Locating Ice Sheet Grounding Lines Using Satellite Radar Interferometry and Altimetry

In this thesis, I use synthetic aperture radar (SAR) and radar altimeter data to make new observations of Antarctic and Greenland ice sheet grounding lines. I use ERS SAR data acquired between 1992 and 2011 to map the Petermann Glacier grounding line on 17 occasions using quadruple difference interferometric SAR (QDInSAR). Over the 19-year period, the grounding line position varied by 0.5 km, on average, with no significant trend over time. Although tidal forcing explains a fraction (34 %) of the movement, localised variations in the glacier thickness could explain it all were they to alter the glaciers hydrostatic balance as they advect downstream – a hitherto unconsidered possibility that would reduce the accuracy with which changes in grounding line position can be detected. Next, I developed a new technique for detecting grounding lines using differential range direction offset tracking (DRDOT) in incoherent SAR data.
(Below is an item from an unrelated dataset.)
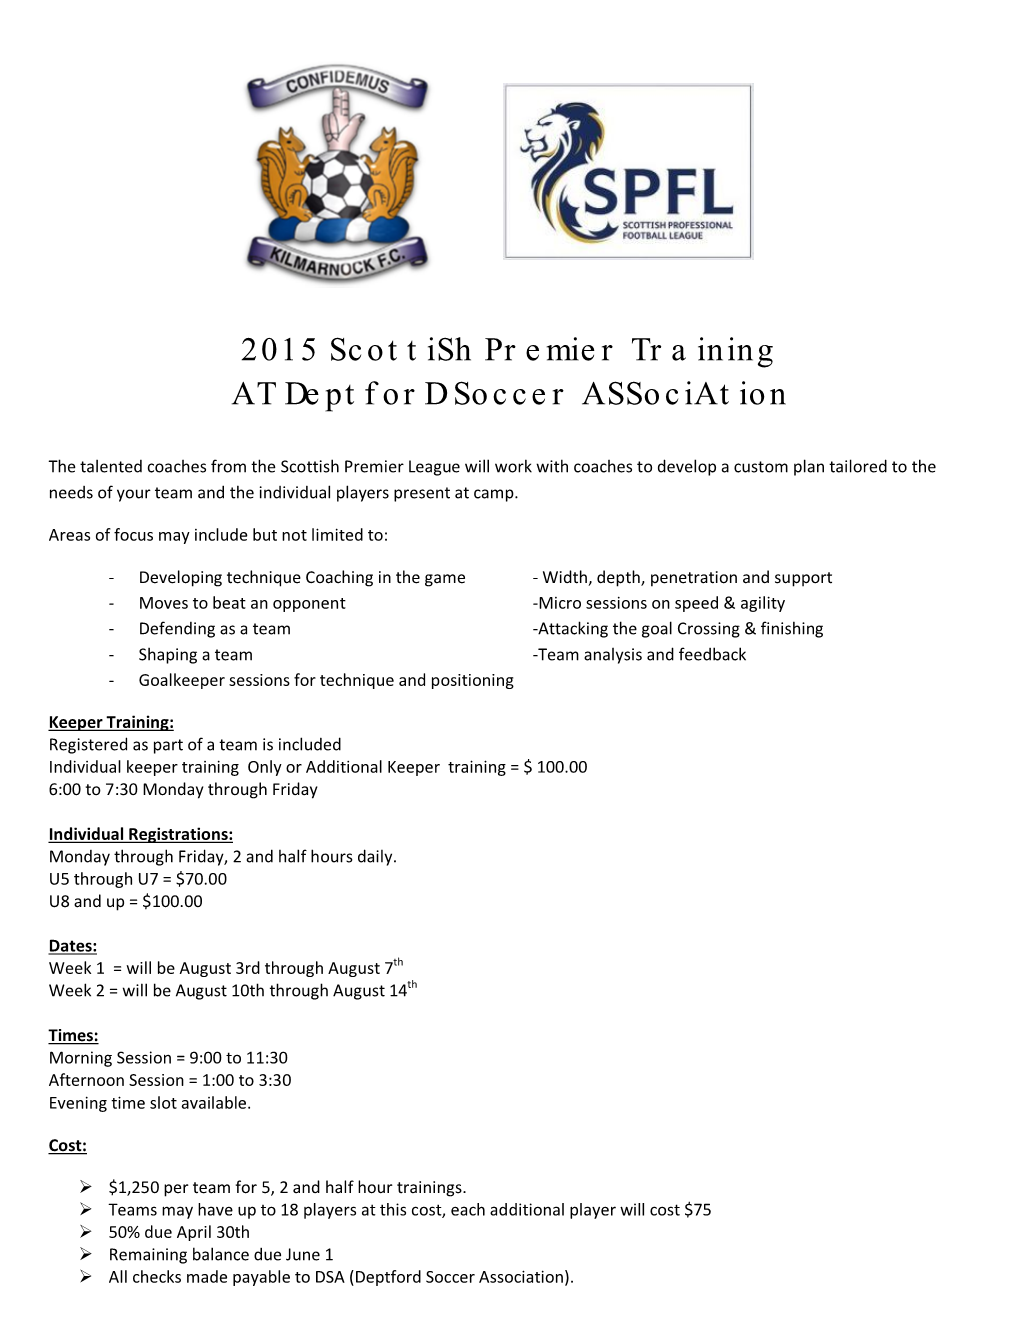 2015 Scottish Premier Training at Deptford Soccer Association

I then applied this technique to a sequence of 11 TerraSAR-X images acquired in 2009 over Petermann Glacier. The DRDOT technique is able to reproduce the shape and location of the grounding line with an estimated lateral precision of 0.8 km and, although this is 30 times poorer than QDInSAR, provides a complementary method given the paucity of coherent SAR data. Finally, I developed another new method for detecting the grounding line as the break in ice sheet surface slope computed from CryoSat-2 elevation measurements. I then applied this technique to map grounding lines in the sectors of Antarctica buttressed by the Filchner-Ronne, Ekström, Larsen-C, and Amundsen Sea ice shelves. The technique is able to map the grounding line to within 4.5 km, on average, and, although this is far poorer than either QDInSAR or DRDOT, it is computationally efficient and can succeed where SAR-based methods fail, offering an additional complementary approach.